Natural Language Processing 1 (2015)


Lecturer: Ivan Titov (titov at uva.nl)
Assistants: Sophie Arnoult, Joachim Daiber, Ehsan Khoddam Mohammadi ({s.arnoult | Daiber.Joachim | E.khoddammohammadi}) at gmail.com
All assistants: nlp.uva.2015 at gmail.com

Short Description

This class is an introduction to statistical natural language processing (NLP) for graduate students. The goal is to introduce the students to key challenges and foundational methods of NLP. Specifically, we will study syntactic parsing for constituent and dependency representations, look into shallow representations of semantics (semantic role labeling), topic models and distributional semantics methods. Several lectures will cover important NLP applications such as statistical machine translation and summarization. We will also consider some background from machine learning (specifically, discrimantive and generative models of structures, latent variable models and, time permitting, Bayesian modeling methods and representation learning techniques) crucial in modern NLP.
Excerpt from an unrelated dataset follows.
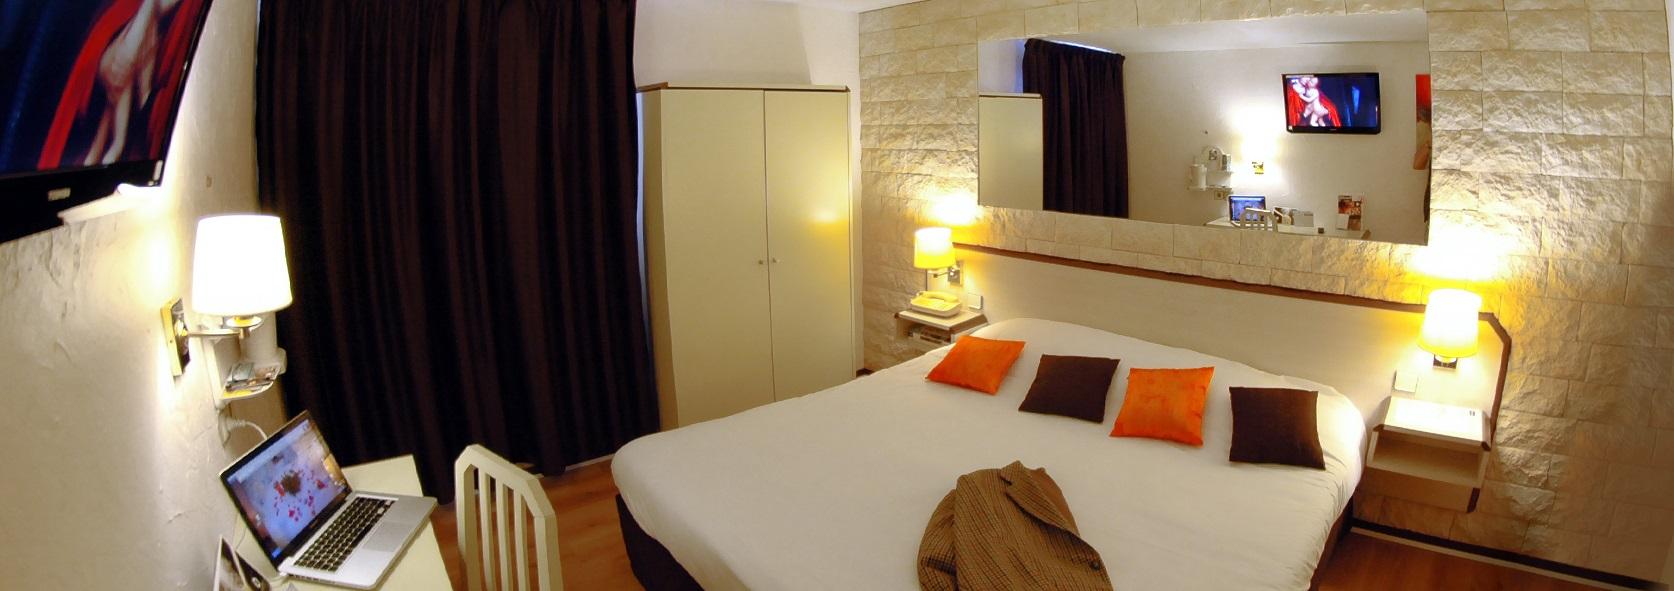 hotellogislerelaispaulons-chambre1

Blackboard will be used for semi-urgent up-to-date information. The only exception are lecture slides and reading recommendations: they will be posted here.

Reading

We will use Jurafsky and Martin's "Speech and Language Processing" (Edition 2) as the main text book. Sections / chapters related to specific lectures are listed below. Optionally, I would suggest to consider the Manning and Schuetze textbook "Statistical Natural Language Processing". Nevertheless, much of the material presented in the lectures is not available in any of them.


Grading

Grading components:


Project


Assignments

The will be four (no-programming) assignments. They will be posted on Blackboard in due time. The submission procedures will be described there as well.
Lectures

Oct 26 Introduction to NLP, project discussion
Oct 29 Topic models (start) Not in the textbook, suggested extra reading: PLSA, LDA, Gibbs sampling for LDA
Nov 2 Topic models
Nov 5 Applications / generalizations of Topic models, Hidden Markov Models, decoding algorithm (Viterbi) Reading: J&M 5.1 - 5.5; 6.1 - 6.4
Nov 9 Hidden Markov Models: discriminative estimation (structured perceptron), unsupervised estimation (forward-backward) Reading: from Nov 5 plus J&M 12.1-4, 13.1-4, 14.1-7;
Nov 12 Hidden Markov Models: discriminative estimation (CRF), neural sequence models (RNNs / encoder-decoder);
Nov 16 Syntactic (constutuent) parsing Reading: J&M 12.1-4, 13.1-4, 14.1-7;
Nov 23 Syntactic (constituent) parsing (continued), dependency syntax Reading: J&M 12.1-4, 13.1-4, 14.1-7;
Nov 26 Syntactic dependency parsing ( animation of transition-based parsing)
Nov 30 Distributional semantics, preliminary set of topics for the exam
Dec 4 Machine translation (slides from previous year) Reading: J&M 25;
Dec 7 Machine translation (no slides for the moment, not part of the exam)
Dec 10 Towards machine reading and reasoning

Lecture slides will be made downloadable (after each lecture).